突然ですがRNA-seqのリードカウントデータによる発現解析についての記事です。
今回はサンプルのグループが3つ以上のときの解析方法について、少し考えたことを述べていこうと思います。
3つ以上を一般的に考えると頭がこんがらがるので今回は3つの場合と限定しておきます。
このときの各Feature(遺伝子やIsoform、extonとか)の発現の種類について考えていきます。
2つのグループのときは発現変動しているかいないか(発現変動遺伝子(DEG) or nonDEG)で分けられ、さらにDEGについてはその大小関係から、グループ1(G1)で高発現かグループ2(G2)で高発現かの2種類に分けられます。

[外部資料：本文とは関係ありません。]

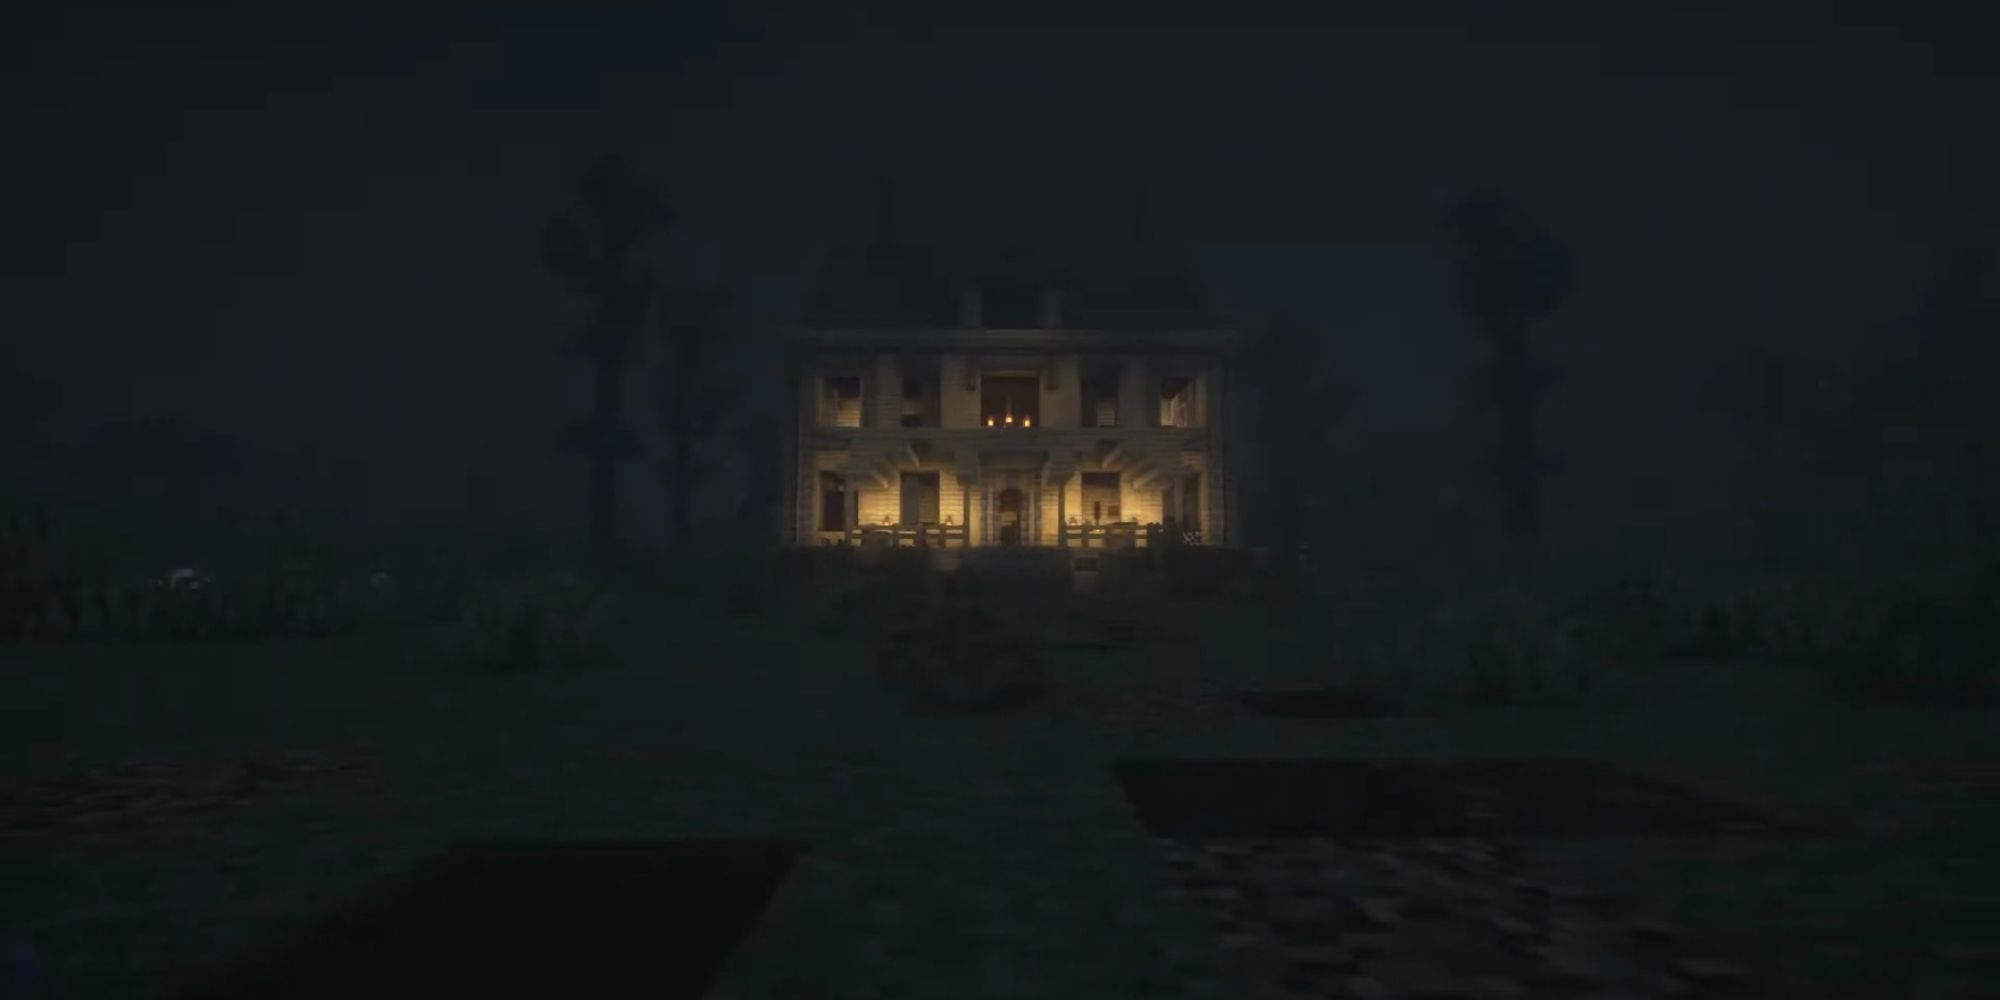 An image from Minecraft of the Conjuring House, the house that was the main setting of the horror film The Conjuring.

ということでDEGを大小関係で分けるところまで考えてもたかだか3パターンで済みます。
では3つのグループの比較ではどうなるでしょうか。言葉で説明するのが面倒なので図で示してみます。
灰色の線より上にある1段めはDEGであるかどうか、DEGならどのグループ間で発現変動していないか、どこでは発現変動しているかを考えたときのパターンです。計5つが考えられます。
さらに、それぞれのパターンで発現変動の大小関係も考慮すると灰色の線以下のパターンが考えられることになります。
発現変動解析では発現変動遺伝子を得ることができればあとの大小関係はそれぞれのグループの平均を比べればわかります。したがって、上図の灰色線より上5つのパターンについてそれぞれのFeatureがどのパターンに属するかを考えるのが解析のメインで難しいところになってくるのかなと思います。
ちなみに、4グループの場合は発現変動の有無を考えるだけで15種類のパターンが考えられます。
次回はこの発現パターンをもとに3つのグループのRNA-seqリードカウントデータの疑似データを生成してみたいと思います。